Club cricket, by far and away the widest form of cricket played worldwide, is largely amateur, but still formal, cricket, with the teams organised into leagues. The games are sometimes limited-overs, with each innings usually lasting between twenty and fifty overs. Other matches are played to time restrictions. Restrictions in overs or time may be placed on each side individually, or they may stipulate the total length of the match. The latter more traditional case is often known as declaration cricket.

Club cricket is played extensively in cricketing nations, and also by immigrants from cricketing nations. Club cricket most often takes place on a natural grass wicket, often maintained by the players themselves, although at a lower level it may take place on an artificial turf pitch, though the rest of actual field will be natural grass.

There are numerous forms of cricket which, although they are not played professionally or at a recognized high standard, are still popular as common formats of amateur cricket. The double innings, limited overs, Twenty20 and single wicket forms are played by amateur teams: for example, Grade cricket in Australia and the Minor Counties Cricket Championship in England and Wales play the double innings form.

===Declaration cricket===
This is the most traditional version of cricket, with rules most closely replicating the original rules of cricket from the 16th and 17th century. It is a single innings game with a set time limit for the entire game to be completed in. To win the game, a side must both score the highest aggregate number of runs and take all ten of the opposition wickets. It is up to the side batting first to declare when they feel they have enough runs to be able to win the match. In this format of cricket, if the side batting second do not lose all ten of their wickets, the match is said to have ended in a draw.

Declaration cricket is generally played over a single day, although two day games lasting an entire weekend are also common. This format is often seen as "old-fashioned" and is typically used for friendly matches rather than in organised league play.

===Short format cricket===

Cricket is also played in several different shortened forms, designed to pack as much action as possible into an hour or two, enabling them to be played as a single contest in an evening, or as a series of multiple contests between different teams that cover the entire day. Such forms have evolved since the 1980s, and take cricket an additional step beyond one-day cricket. Most forms will resemble twenty-twenty cricket in nature, although shorter formats with reduced numbers of players, typically 6-aside or 8-aside, are also common for tournament play.

====Rules====
Different forms of short format cricket have different rules for certain situations:

- When all but one of a team's batsmen are out:
  - In Last man stands cricket, the last batsman who is not out bats alone, can only run even numbers of runs, and can only make their ground at the striker's end.
  - In six-a-side cricket, the last batsman to be out acts as the nonstriker, while only the not-out batsman can take strike.

===Blind cricket===

Blind cricket is a variant for blind and partially sighted players. The most obvious difference is that the ball contains ball bearings so that it can be heard, and that it is rolled along the ground. Blind cricket was invented in 1922, and has been governed by the World Blind Cricket Council since 1996.

===Indoor cricket===

Indoor cricket is a format of the game designed to be played in an indoor sports hall at times of the year when outdoor play is not possible. There are two recognized forms of indoor cricket. The traditional version played with a hard ball is popular in the UK. This format is played with six players per side and features modified rules designed specifically for indoor play. A soft ball version is played by junior cricketers in the UK and is also popular among adults in the Southern Hemisphere.

===Kwik cricket===

It is a simplified, high-speed version of the game played on a small pitch with plastic equipment, aimed mainly at encouraging youngsters to take part.

===Table cricket===

Table Cricket is an indoor version of the game designed primarily for physically challenged cricketers.

=== Walking cricket ===
Walking cricket is a form of cricket for senior players where players are required to not run during the game. Batters who get out are allowed to keep batting, but the bowling team gains five runs per dismissal.
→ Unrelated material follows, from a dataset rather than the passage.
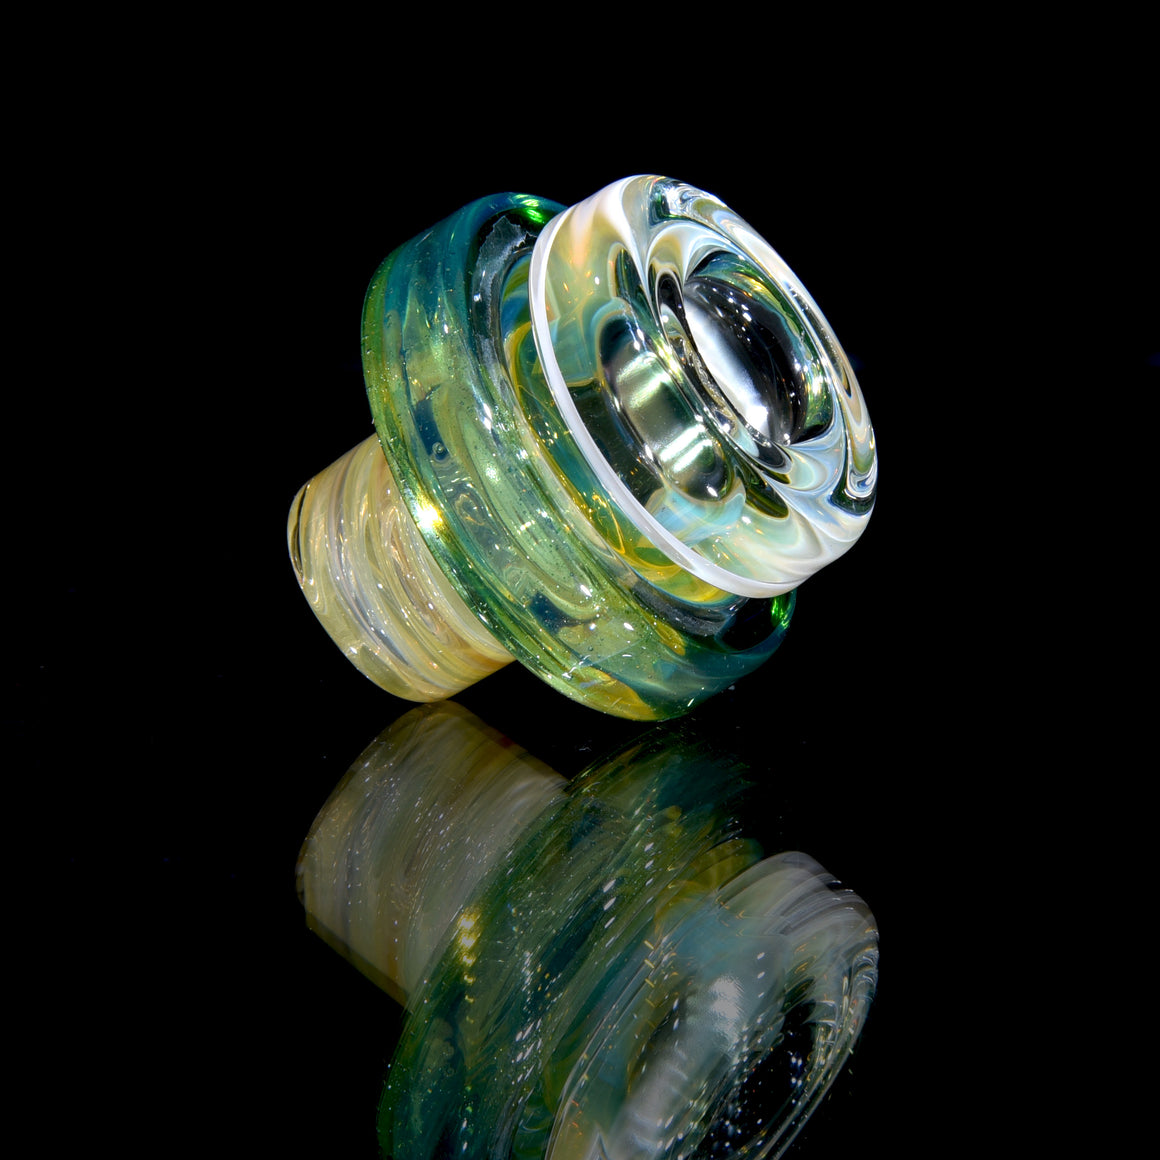 Gold & Silver-fumed Dual-hole Spinner Cap w/ Green Stardust Accent

==Informal forms of cricket==
===Backyard cricket===
Backyard cricket, Beach cricket, Street cricket and Garden cricket are all different names used to describe a wide range of related informal games. The rules are often ad hoc, and the laws of cricket, such as those involving leg before wicket, penalty runs, and others, are ignored or modified to suit both the setting and participants' preferences. In India and Pakistan, there is Gali cricket ('gali' in Hindi means 'street'. It is pronounced as 'gully' but should not be confused with the fielding position). Often, there are no teams, and each player plays for himself, and fields when he is not batting. Often, there is one wicket, and one bowling position, and no overs. If the batsman runs a single run, he is allowed to walk back to the wicket before the next ball is bowled.

Informal cricket in the UK is often known as garden cricket and is played in gardens and recreation grounds around the country. Because of limited space in gardens and the potential damage to property, one particular version of garden cricket is unique in that there are no concept of runs as aerial attacking shots are expressly forbidden, and instead, the winning batsman is the one who can survive the longest number of deliveries. Typically this will be played with a tennis ball or other soft bouncy ball, and modified rules, such as one hand one bounce are often employed. The length of the wicket will typically be roughly 15 meters, and the non-bowling fielders will be encircled close round the bat looking for a catching chance. There are quite often other rules such as not out the first ball and not out leg before wicket.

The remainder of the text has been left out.